December 4, 2015 | Sarah Danks


Last week, I jumped in on a Blab with Andy Crestodina run by Michael Grubbs over at Open Topic. It was only my 3rd (or 4th?) Blab ever, and the best-run, IMO.

It was very simple — Michael asked Andy questions; Andy answered; the attendees jotted a few remarks and questions; and I typed frantically, trying to keep up and get all the good stuff.

Here’s a recap — and my takeaways — of this CMO marketing strategies blab.

About Orbit Media

Andy gave us the background of Orbit Media, stating that it evolved from a tiny, scrappy company of 2 guys, a phone and a laptop. Back then he thought $800.00 was too much to charge a client.
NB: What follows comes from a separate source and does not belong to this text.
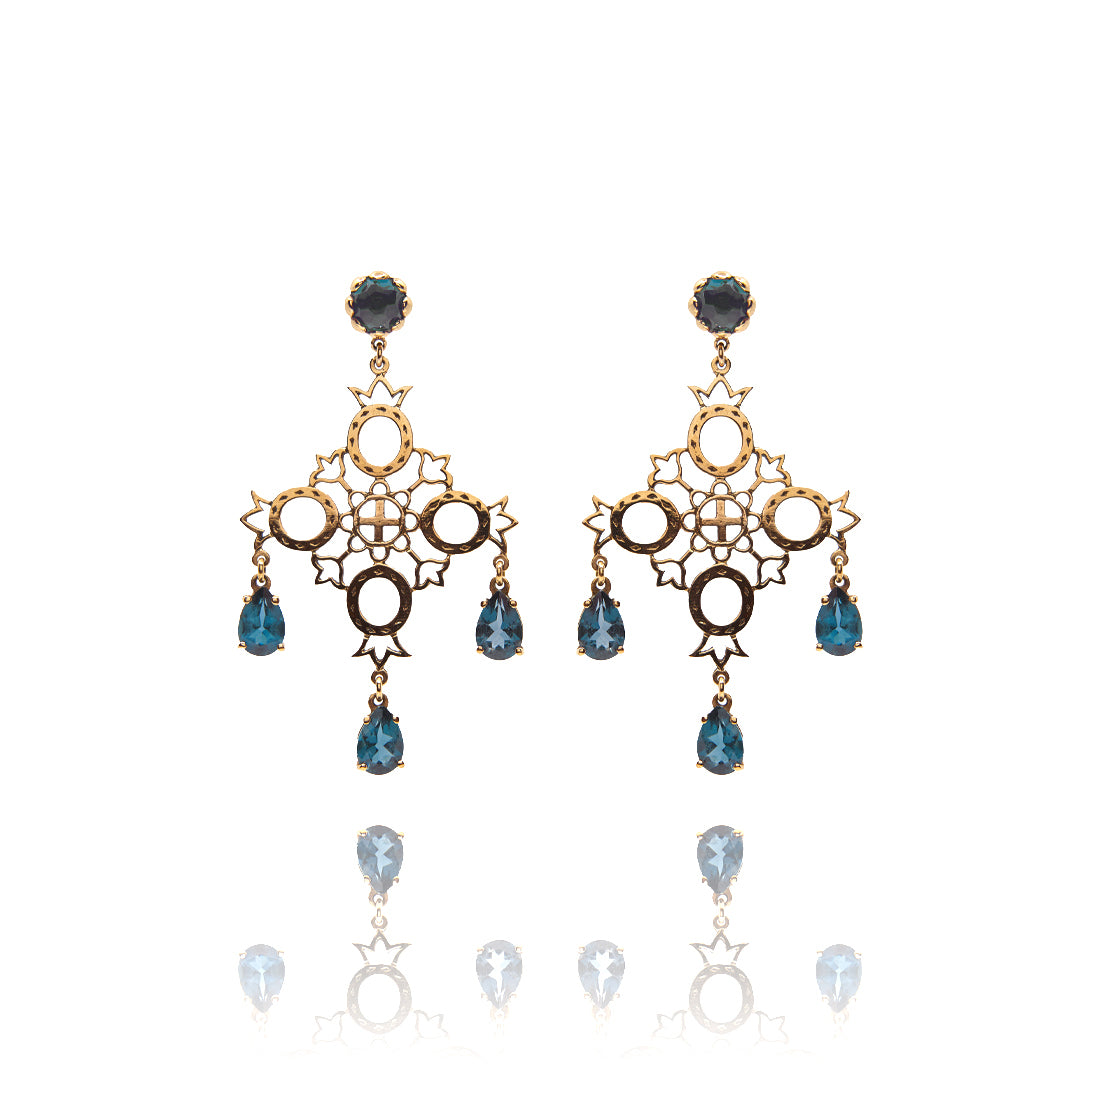 Rose gold earrings with London blue topaz

Fast forward to today: it’s a B-corp certification, part of a socially and environmentally sustainable massive movement. Says Andy, it’s not just a green washing; it’s a real thing. Plus, it now takes them hundreds of hours to do what they do on projects (and I’d wager they’re charging more than eight hondo).

An ideal client, ready to work with Orbit has one or two in-house marketers, is aware of their website traffic and now wants to maximize their conversion rate. Crestodina says the sites they build/re-design should pay for themselves within months.
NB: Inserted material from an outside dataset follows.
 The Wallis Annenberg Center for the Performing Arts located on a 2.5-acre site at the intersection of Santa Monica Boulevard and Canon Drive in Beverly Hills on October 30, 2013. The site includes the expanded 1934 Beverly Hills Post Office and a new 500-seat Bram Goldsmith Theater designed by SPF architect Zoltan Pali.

Asked what trigger leads to someone wanting a new website, Andy responded that there are many reasons; many of them emotional. After all, what’s the psychology of someone who types “Chicago web design” into a search engine?

It could be because:

  • a competitor got a redesign on their website,
  • they have a new marketing director, or
  • they got a first look at analytics and now they want to get serious…

…or any myriad of other reasons.

Regardless of the why, Orbit guides them toward results-driven thinking — after all, a website needs to make money.

Results-Driven Thinking

Crestodina points out that a website either gets traffic or it doesn’t; converts visitors or doesn’t.

He goes on to say that websites need to be 3 things:

  1. Search engine friendly
  2. Conversion optimized
  3. Platform for content marketing

When taking on a new client, Andy says there’s a lot of strategy up-front, and many conversations that occur. A great quote of his from this Blab:

“There’s very little opinion in web design. Rather, it should be based on strategic and evidence-based decision making.”

When asked by Grubbs what Orbit does with a client that comes in “lacking in the areas you count as a qualifier to begin a new design strategy,” Crestodina honestly replies that he’d then make an introduction to another partner. If their client needs guidance into the digital world he’ll steer them towards a marketing company to help them achieve that.

Andy says in web design, everything is possible! But, that being said, if a client asks their web design team, “Can we do this?” and you can, that’s great. But do what makes sense; set an achievable goal.

There’s a model for monetization — but don’t create too many ideas.

mound-of-pennies

So many clients want to sell everything — sure it’s POSSIBLE, but first, Andy tells them “Let’s create a basic platform for converting visitors into customers.” This keeps clients to a much tighter — and achievable — scope.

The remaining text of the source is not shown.